Nous n’exigeons pas des anathèmes théâtraux, mais un simple courage : nommer le crime, dénoncer l’idéologie de domination qui le justifie, condamner sans équilibre mensonger la machine de mort. Dire que le blocus est un péché, que l’occupation est un péché, que l’apartheid est un péché. Dire que la bombe qui écrase une école n’a pas d’excuse, jamais. Dire qu’un siège qui affame les villes n’est pas une politique : c’est une profanation. Et refuser, tant que dure l’horreur, la caresse protocolaire qui blanchit l’impiété, ce baume qui anesthésie les consciences.
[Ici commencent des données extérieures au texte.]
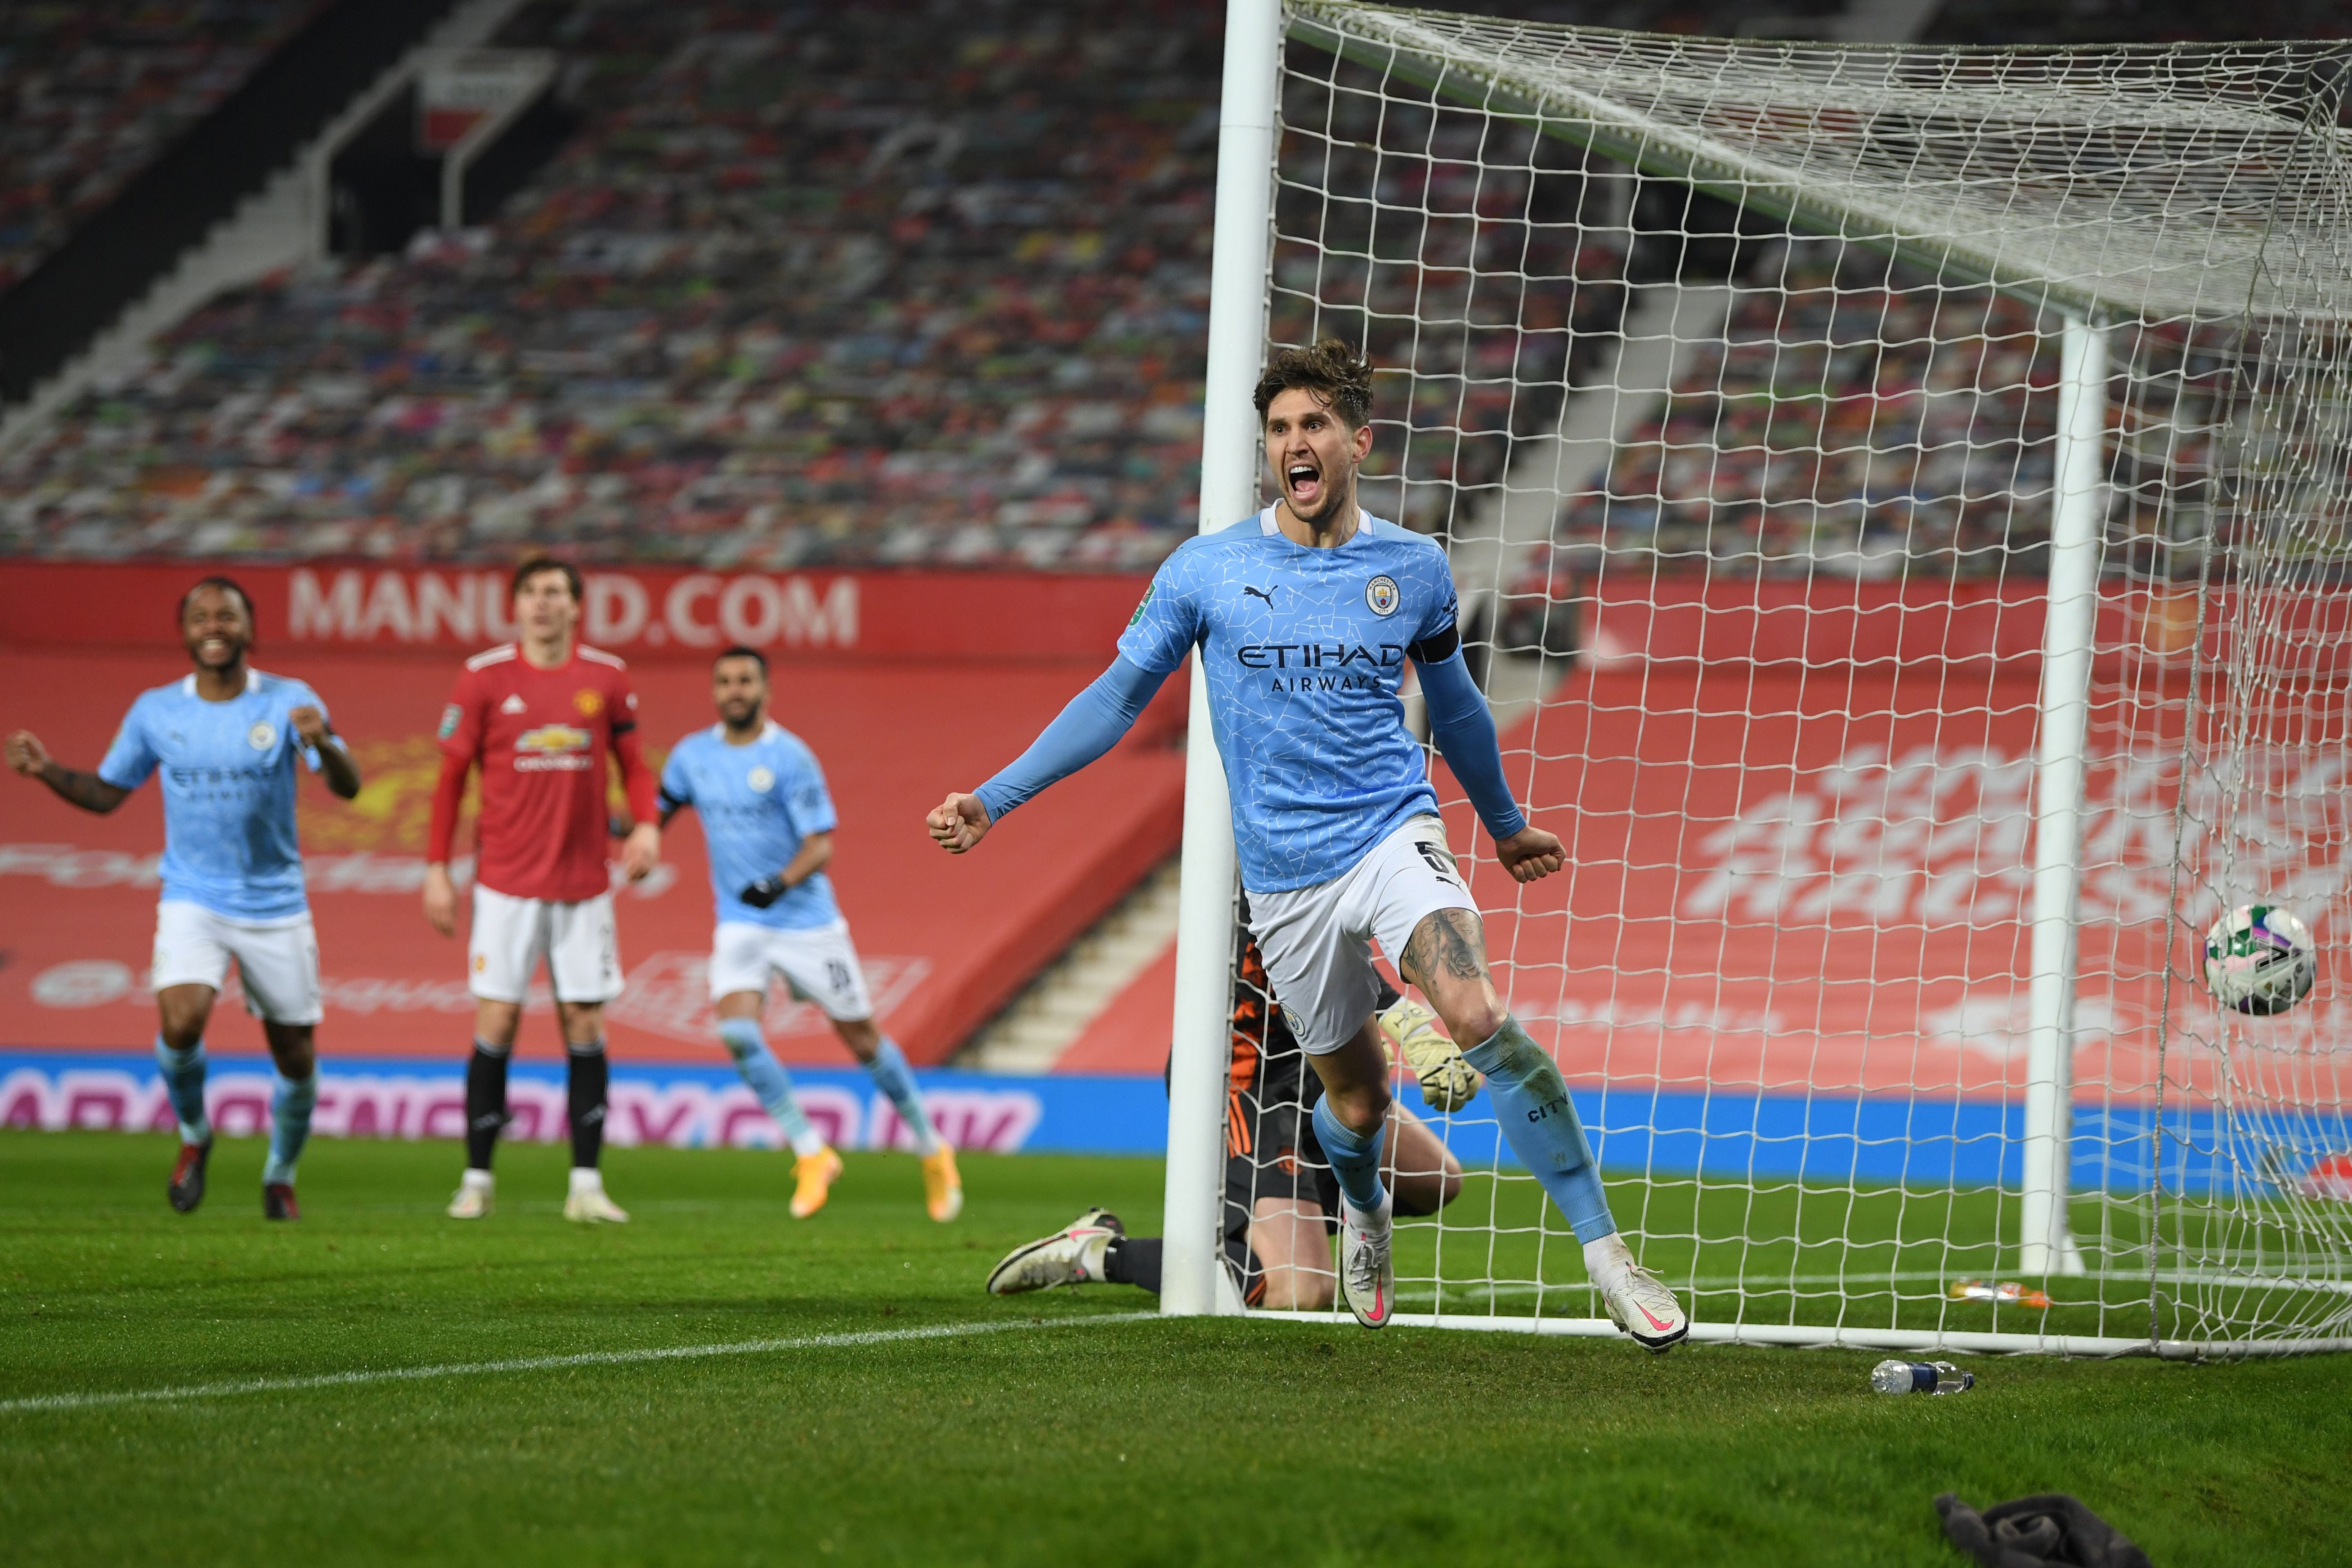 John Stones scored his first Man City goal in over three years

On nous reprochera la colère. Mais il est des colères hygiéniques. L’indignation est la politesse due aux morts lorsque les vivants se taisent. Nous n’appelons à aucune vengeance, nous appelons à la justice. Qu’on ouvre les frontières aux convois, qu’on cesse de vendre des armes aux tueurs, qu’on mette fin aux visites qui maquillent l’abject. Qu’on réaffirme, depuis les minarets et les cathédrales, depuis les synagogues et les places publiques, que la vie humaine n’est pas négociable, qu’elle n’appartient à aucune forteresse identitaire, qu’elle est la seule relique véritable.
Oui, c’est une guerre de religion : non pas entre croyants, mais entre deux théologies. L’une adore la puissance, l’ethnie, la forteresse ; l’autre sert l’humble, le sans-armes, le réfugié. Le Saint-Siège devrait se souvenir de quel côté se tient l’Évangile quand les pierres crient. Tant que le Pape préfèrera la photo à la prophétie, nous lui tournerons le dos. Qu’il vienne, un jour, sans caméras, baiser la poussière de Gaza, porter sur ses épaules un enfant rescapé, prononcer un seul mot clair : « Stop ». Ce jour-là, nous écouterons.
D’ici là, nous persistons : pas d’indulgence pour l’indifférence sacrée. Nul ne bénit un génocide. Nul ne serre la main qui frappe sans perdre sa propre âme. La prière sans courage n’est qu’un murmure livide. Nous appelons les consciences à se lever, à exiger actes, les institutions à rompre la comédie. Boycotter la mise en scène, soutenir les secours, protéger les témoins, documenter chaque crime. Jusqu’à ce que la justice perce le mur des chancelleries, et que la vie recommence enfin, en Palestine.